EXERCISE DIRECTIONS:
Repeat the lines of the data exactly, from the first one through the one that contains "Bollé Tsar Matte".

** Opening DATA TO EXAMINE block **

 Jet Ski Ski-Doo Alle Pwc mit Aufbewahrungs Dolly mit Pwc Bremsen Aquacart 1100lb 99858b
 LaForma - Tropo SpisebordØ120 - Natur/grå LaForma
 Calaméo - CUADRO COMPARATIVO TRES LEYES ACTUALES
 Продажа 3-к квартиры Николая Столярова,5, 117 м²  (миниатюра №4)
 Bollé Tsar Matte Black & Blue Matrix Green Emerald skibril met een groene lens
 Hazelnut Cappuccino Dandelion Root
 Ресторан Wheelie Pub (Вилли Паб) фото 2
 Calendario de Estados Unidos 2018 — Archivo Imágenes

** Closing DATA TO EXAMINE block **

RESULT FOR THIS EXERCISE:
 Jet Ski Ski-Doo Alle Pwc mit Aufbewahrungs Dolly mit Pwc Bremsen Aquacart 1100lb 99858b
 LaForma - Tropo SpisebordØ120 - Natur/grå LaForma
 Calaméo - CUADRO COMPARATIVO TRES LEYES ACTUALES
 Продажа 3-к квартиры Николая Столярова,5, 117 м²  (миниатюра №4)
 Bollé Tsar Matte Black & Blue Matrix Green Emerald skibril met een groene lens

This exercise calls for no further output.